*** Opening DATA SHOWN ***
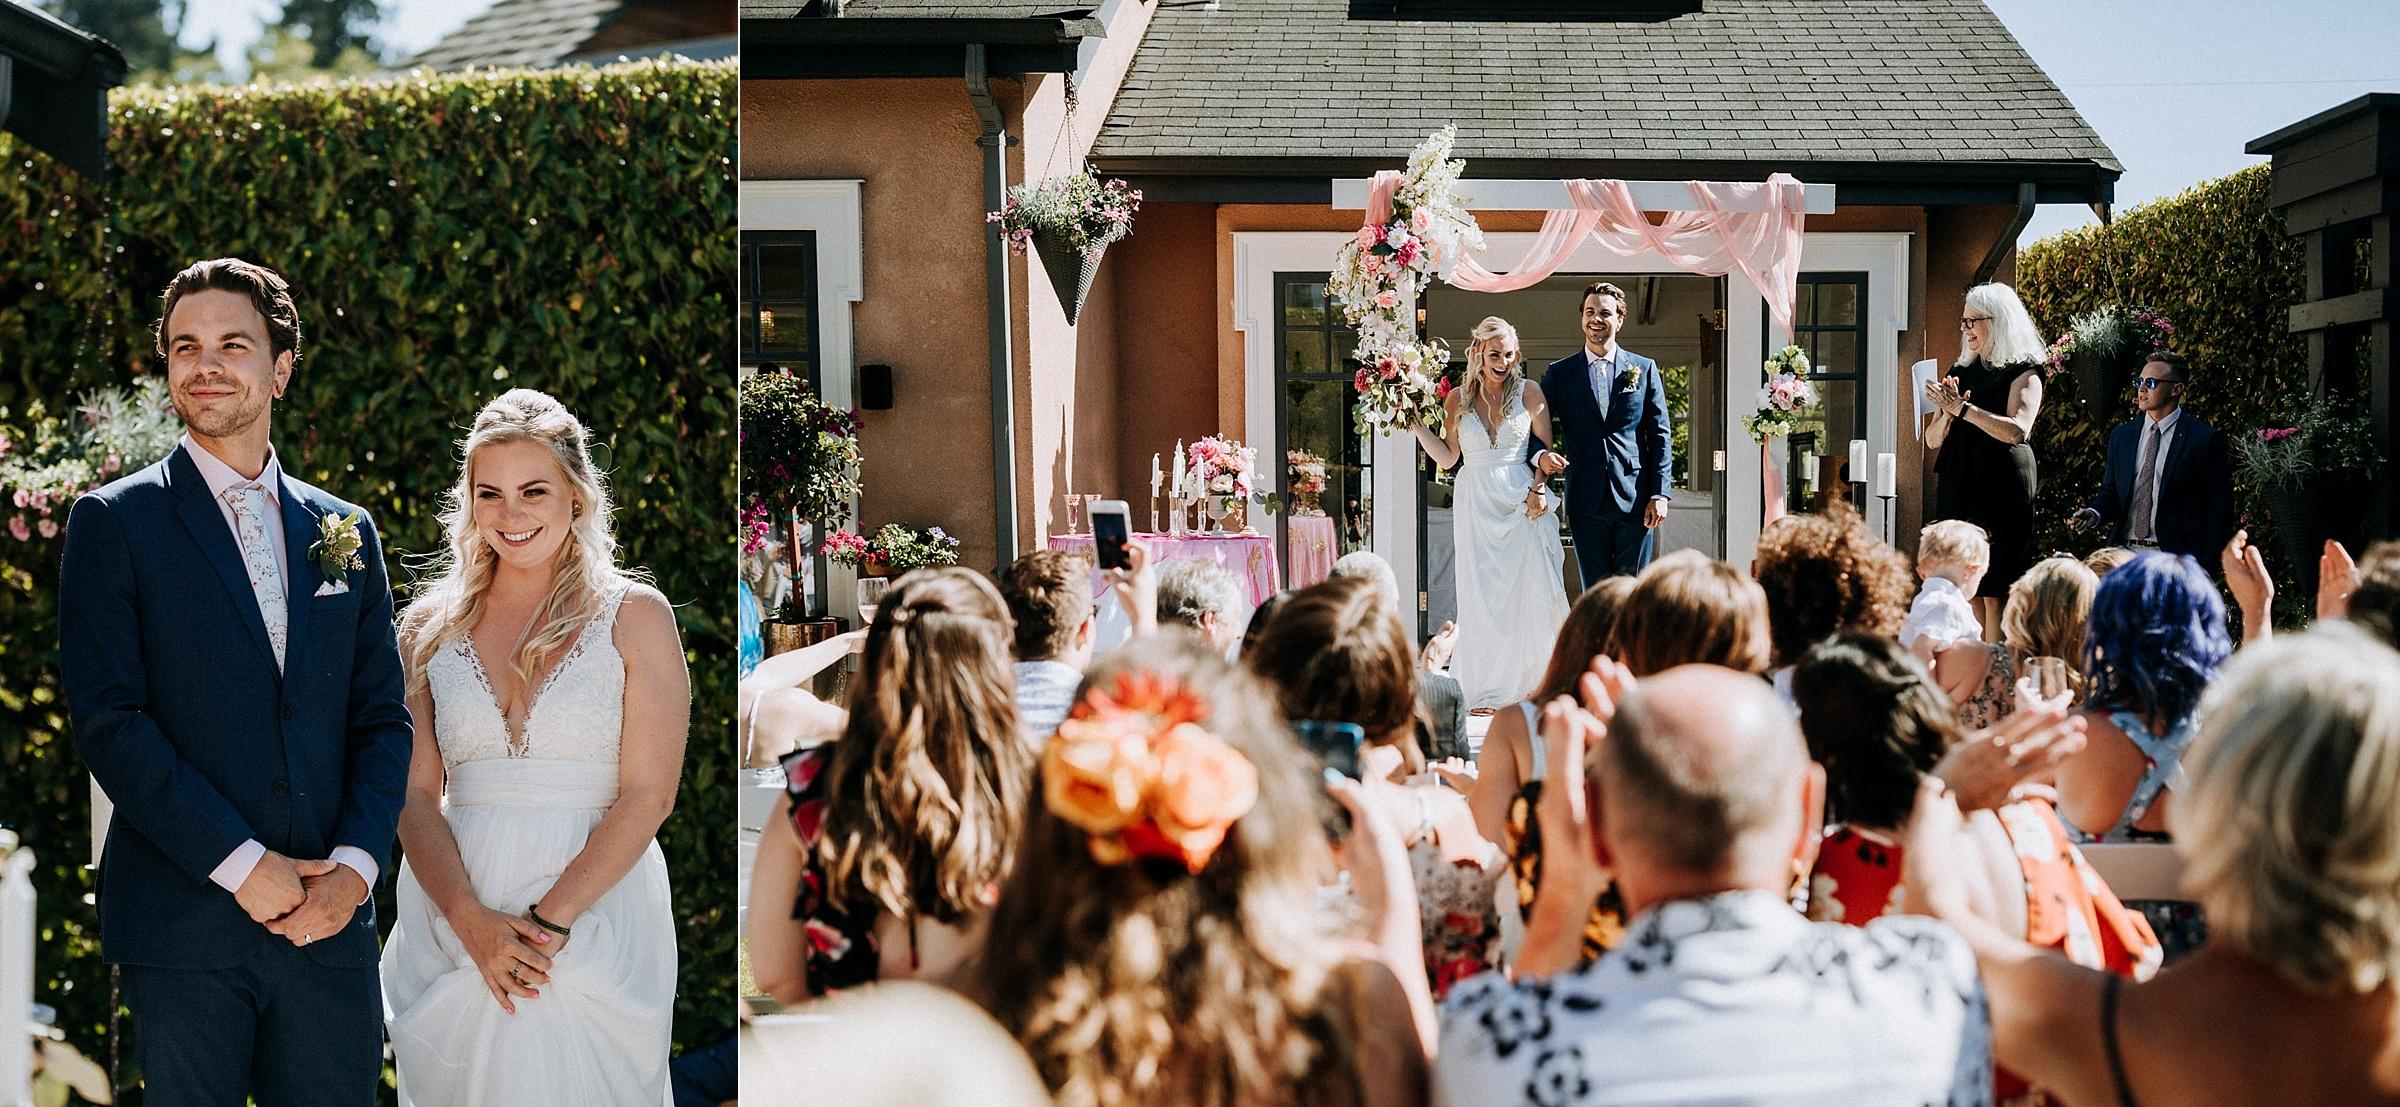 ceremonyWest Vancouver backyard wedding photographer
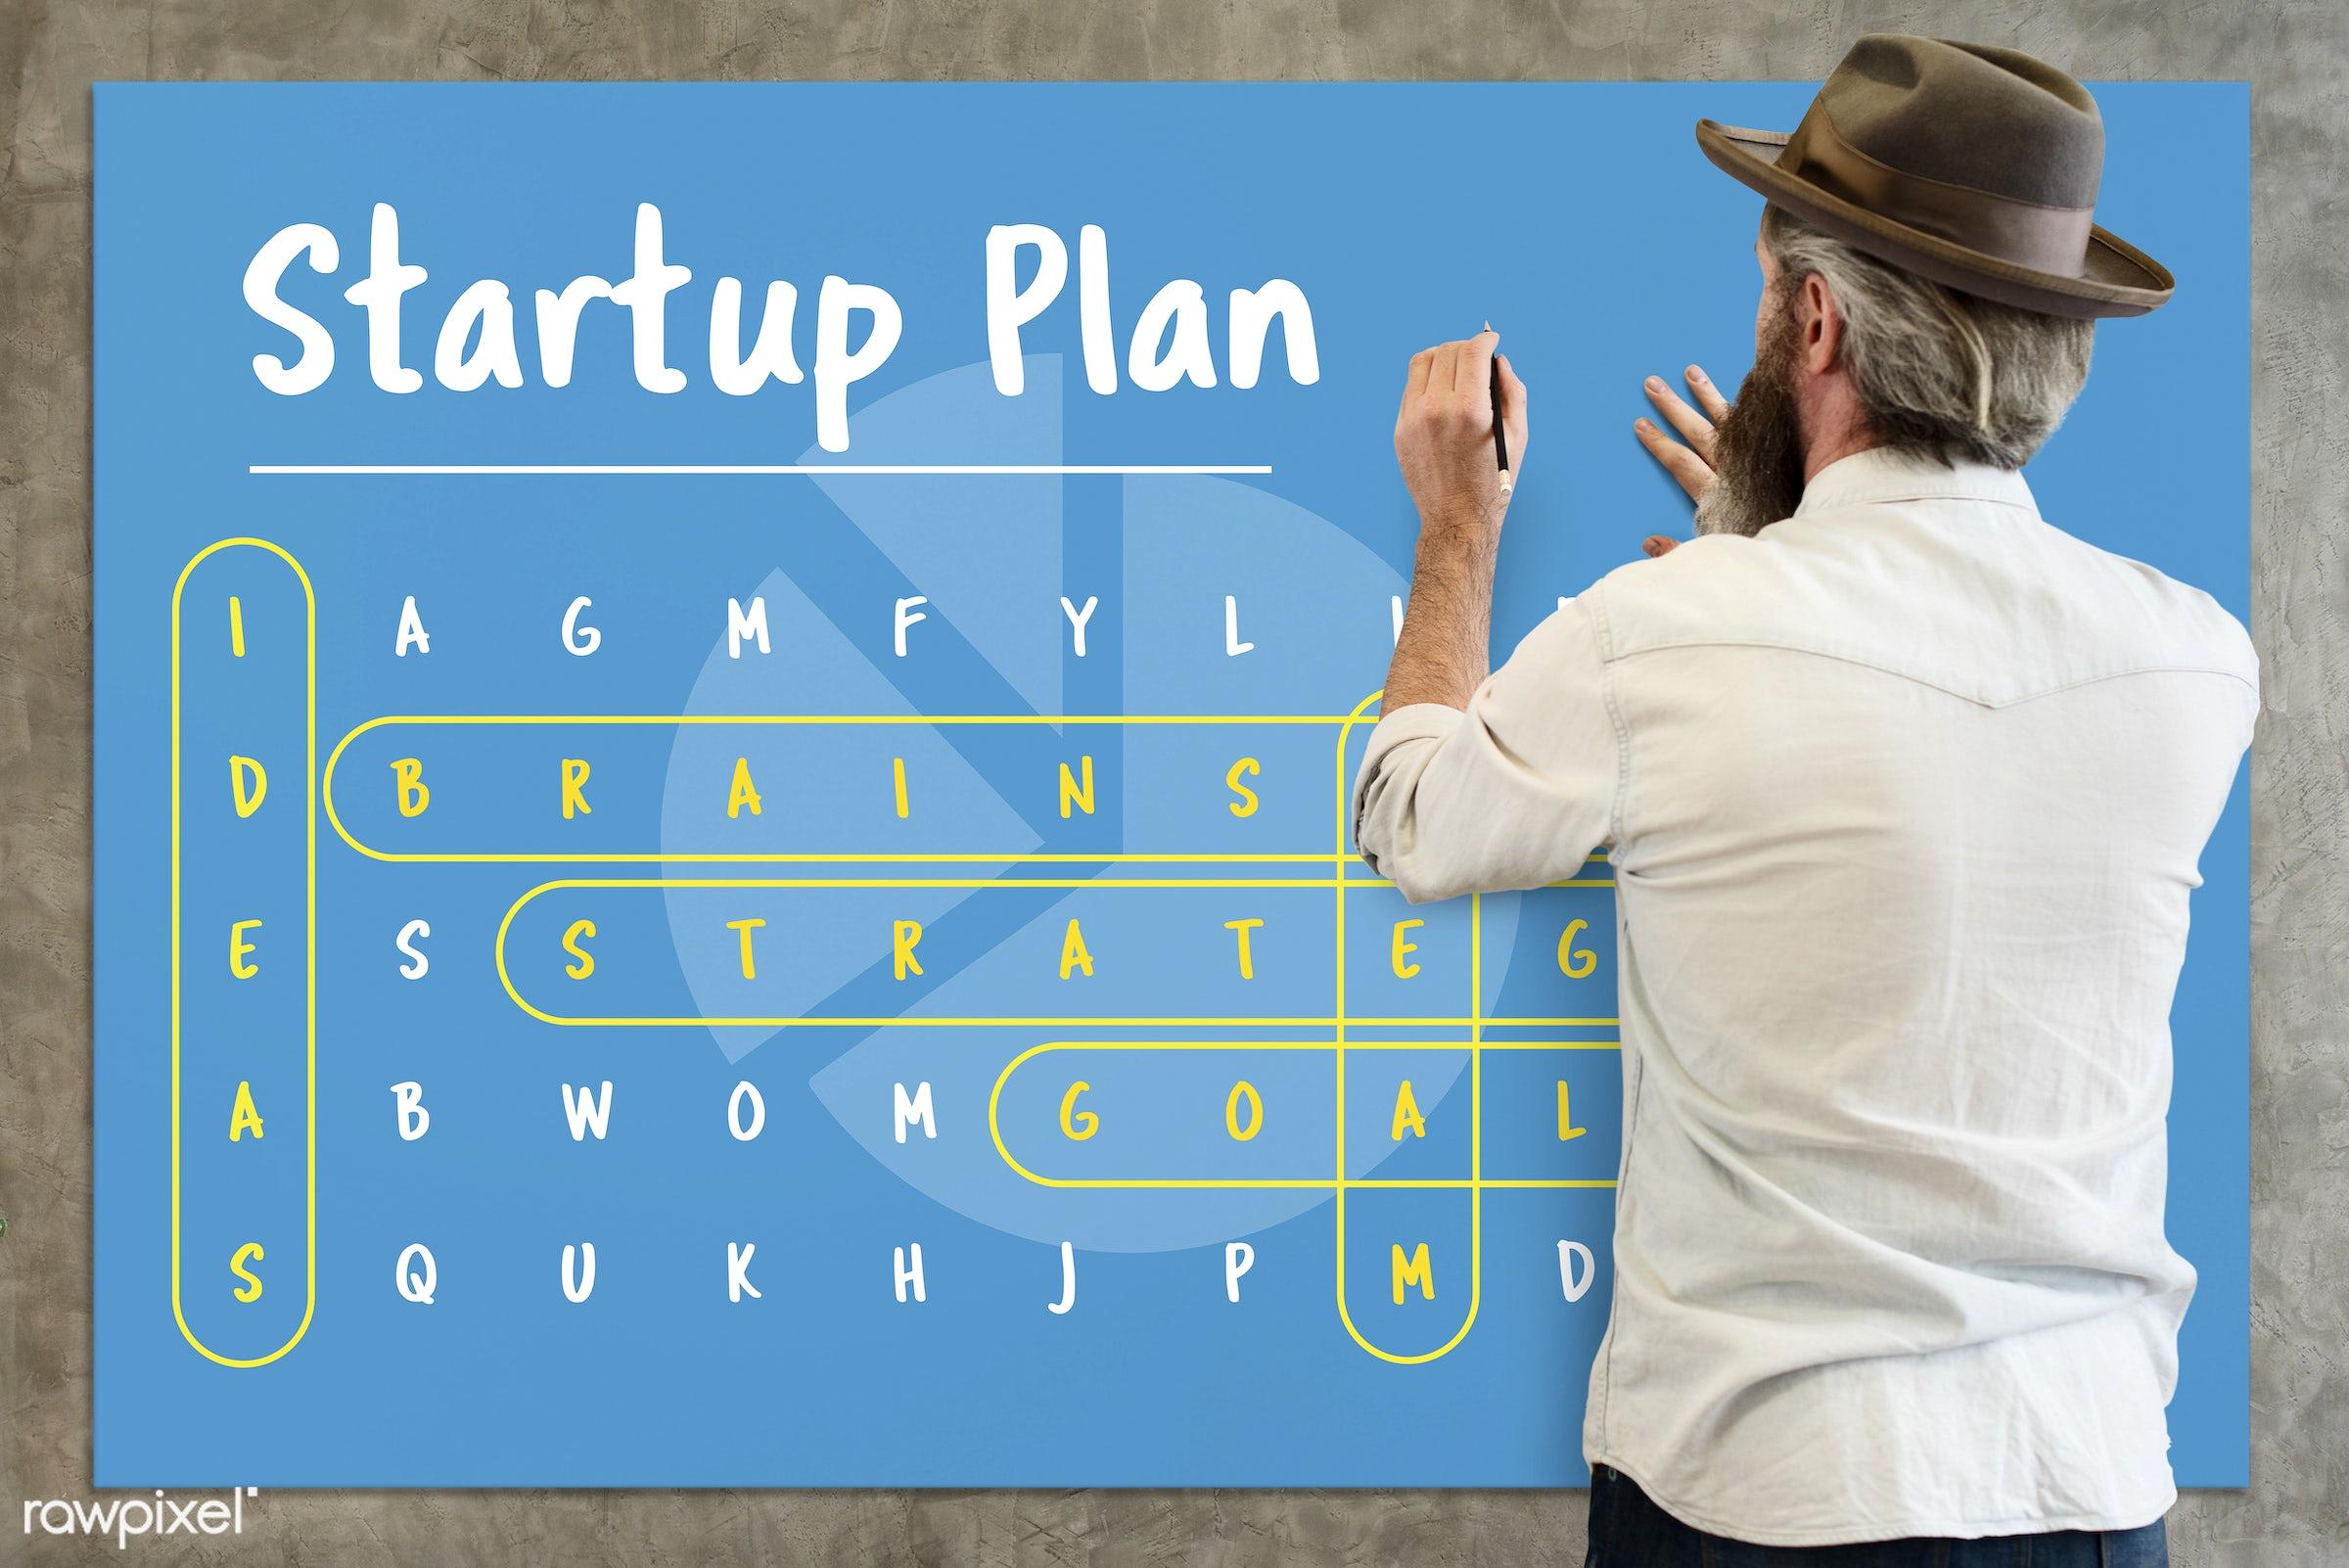 adult, alone, back, be creative, beard, beard guy, board, brainstorm, business, business plan, carefree, casual, challenge,...
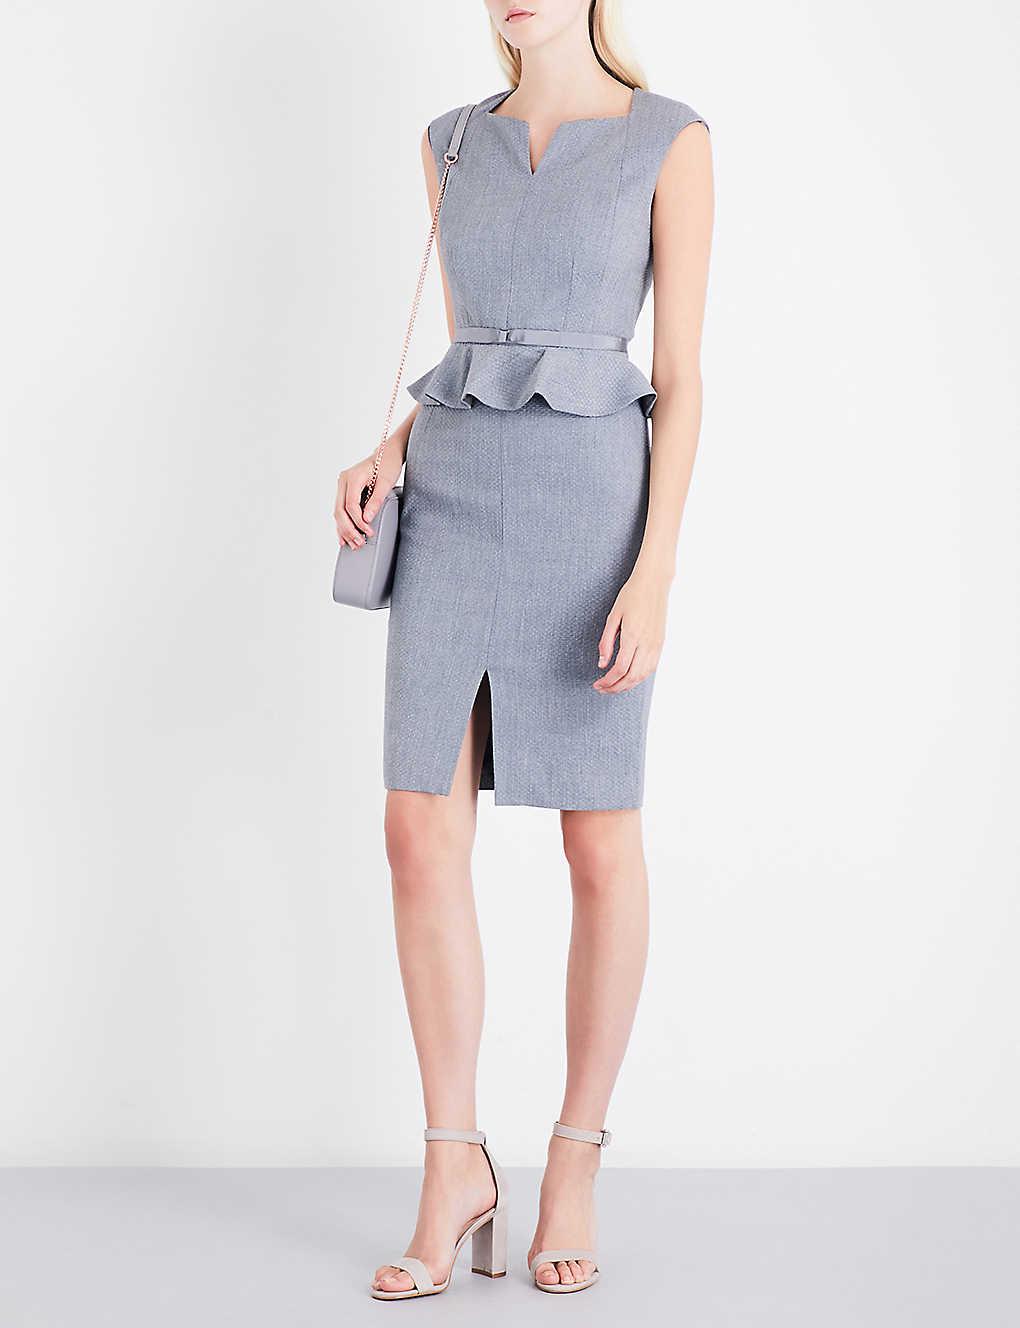 Ted Baker Nadaed Peplum Textured Jacquard Dress Selfridges
*** Closing DATA SHOWN ***
== HOW TO COMPLETE THIS TASK ==
Set down the data above verbatim, omitting every image.

== SOLUTION FOR THIS EXERCISE ==
 ceremonyWest Vancouver backyard wedding photographer
 adult, alone, back, be creative, beard, beard guy, board, brainstorm, business, business plan, carefree, casual, challenge,...
 Ted Baker Nadaed Peplum Textured Jacquard Dress Selfridges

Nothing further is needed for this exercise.